In the desert, Maria has trouble following road signs. The gravity of the road doesn’t allow her the carefree motion madness of a freeway, though her travels are equally aimless. Didion’s beatnikian descriptions heavily influenced Bret Easton Ellis, especially in his first book, Less Than Zero. Maria is “trying not to notice the signs,” Ellis’s protagonists are reluctant to put any meaning on the surface of reality around them.
Games
Maria’s father is an addicted gambler. He loses a house in Reno in a private wager, and puts money in uncertain business deals. He teaches Maria to assess her chances in the game of craps which he compares to life. Despite the fact that he never wins, Maria claims to having inherited his optimism and, in the end, tenacity.

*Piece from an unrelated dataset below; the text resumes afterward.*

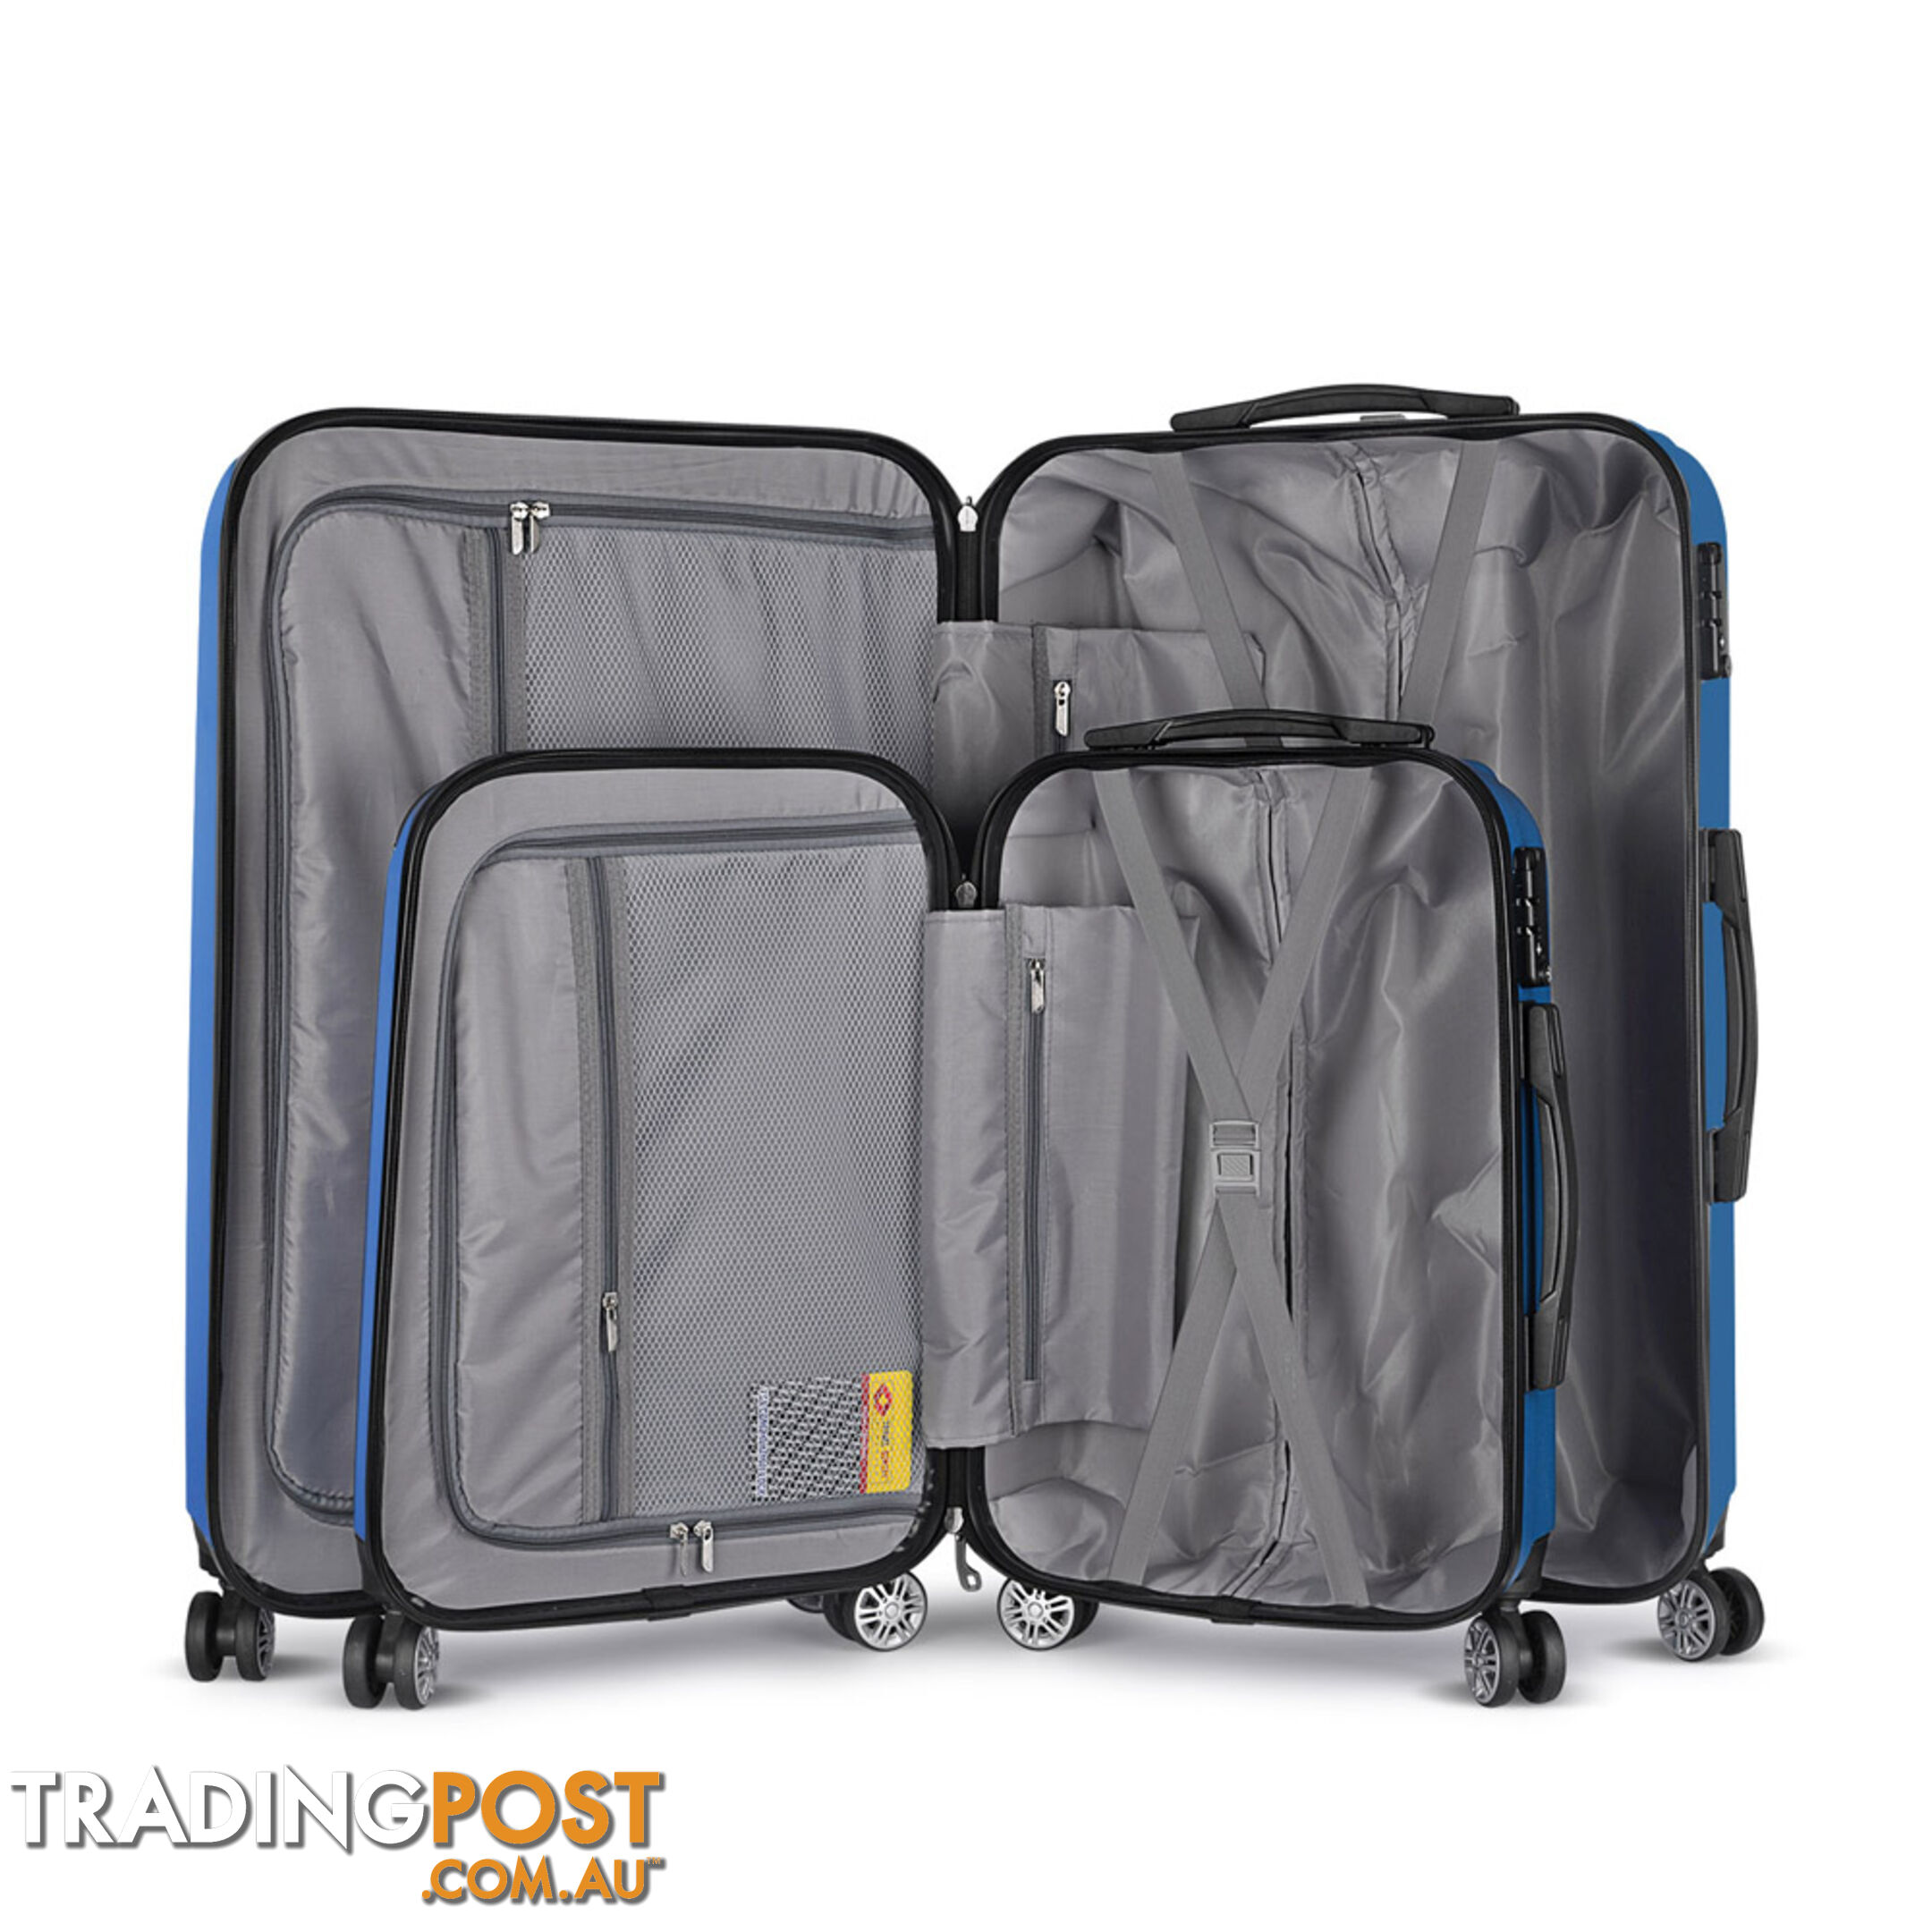 Set of 2 Hard Shell Travel Luggage with TSA Lock - Blue

Maria often refers to herself as a “player” (but not an actress), mostly in the context of the roles that society imposes on her. BZ constantly accuses her of “playing,” and forces Helene to “play-or-pay,” though it is in the end his nihilistic attitude to life that brings him to suicide. Hollywood is a place where the thin line between truth and fiction blurs.
Dreams
After the abortion, Maria suffers from recurring nightmares and ghastly visions featuring dead fetuses, dying children, severed body parts and plumbing.
Air conditioners
They appear regularly, among others in the room in Encino where Maria undergoes abortion. May have to do with suffocating atmosphere of Wyeth’s environment. Carter is said to dislike air conditioners.
Whiteness
Maria dreams of driving “into the hard white empty core of the world,” then she falls into a sleepless dream. Before termination of her pregnancy, she sleeps between “immaculate” white sheets and wears “white crepe pajamas,” to insure miscarriage. Her mind is like a “blank tape” merely recording impressions and experiences. One of the figures from her dreams is “a man in white duck pants” who was present during the abortion. Whiteness prefigures nothingness and obliteration of memory. It is also in accordance with the stylistic intention of the author to write “a novel so elliptical and fast that it would be over before you noticed it, a novel so fast that it would scarcely exist on the page at all....white space. Empty space...."[4]
An aggressive madwoman in a queue at a Market attempts a conversation with Maria, accusing her of inattentiveness. After marrying Carter, she receives letters from “mad people.” Her daughter is having mental problems, and ultimately she herself is admitted to a neuropsychiatric ward. In Didion’s world normality and cause-effect solutions constitute conventions established by unspecified “them.”
[edit] Trivia
Trivia sections are discouraged under Wikipedia guidelines. The article could be improved by integrating relevant items and removing inappropriate ones. |
- In the Encino room the man in white duck pants who performs Maria's abortion watches a movie with Paula Raymond. “Funny she never became a star,” he says later to Maria. Paula Raymond started her career well in the fifties, but ended up playing in second-rate horror movies and soap operas. In many respects she’s Maria’s alter ego.
- BZ is an abbreviation for benzodiazepines, sedative drugs.
- Maria’s mother croons to herself the lyrics of the hit single by Jo Stafford, "You Belong to Me". Maria replays in her head lines from 1969’s "Son of a Preacher Man" by Dusty Springfield and "Spinning Wheel" by Blood, Sweat & Tears.
- The book was made into a 1972 movie[3] starring Tuesday Weld as Maria and Anthony Perkins as B.Z. Didion co-wrote the screenplay with her husband, John Gregory Dunne.